Nel caso di precedente evacuazione di abitazioni, organizza le operazioni di rientro nelle case, con
particolare riguardo alla presenza di anziani o disabili.
In accordo con i competenti tecnici, dispone la diffusione di messaggi alla cittadinanza in merito ai
comportamenti da assumere nei giorni seguenti.
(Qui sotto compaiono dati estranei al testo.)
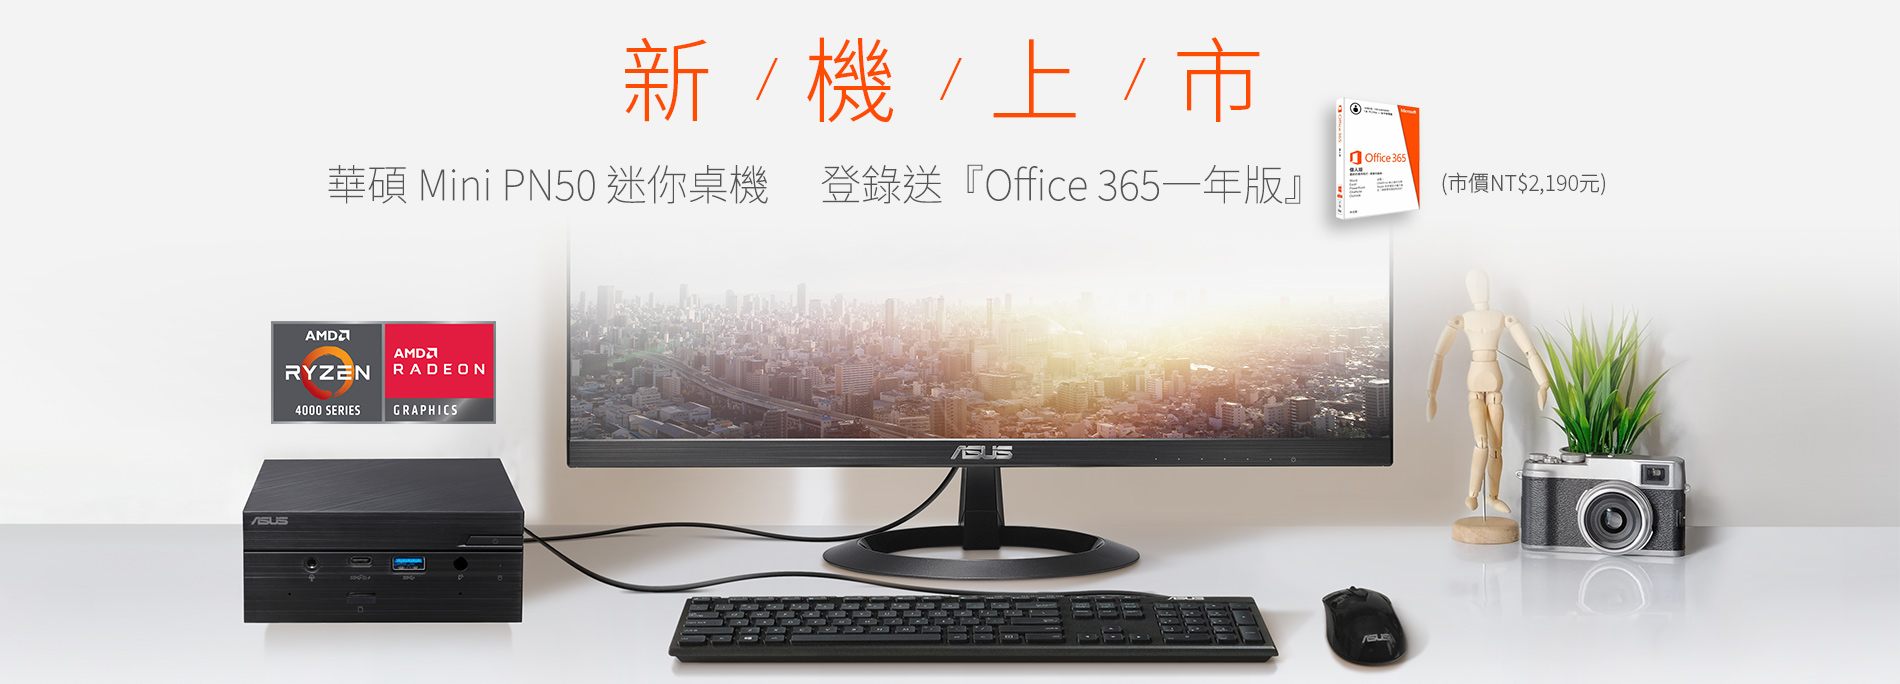 [情報] 華碩PN50APU小PC買就送office 365一年

Al termine della fase di emergenza, il SIPC resta a disposizione per:
• proseguire l’assistenza alla cittadinanza;
• vigilare sulla gestione delle aree di accoglienza e di ricovero;
• organizzare le operazioni di rientro nelle abitazioni, con particolare riguardo alla presenza
di anziani o disabili;
• il censimento dei danni alle strutture, agli edifici in collaborazione con i tecnici preposti;
il SIPC al termine dell’emergenza, si accerta, mediante contatto con gli enti gestori, del corretto
ripristino dei servizi essenziali nell’area colpita dalla calamità (utenze elettriche, acqua potabile,
fognatura, approvvigionamento gas).
A conclusione dell’evento, il Referente del SIPC o il ROC redige un report dell’evento,
compilando apposito modello, i cui dati saranno utilizzati a fini statistici e per le successive
revisioni del Piano Intercomunale di Protezione Civile.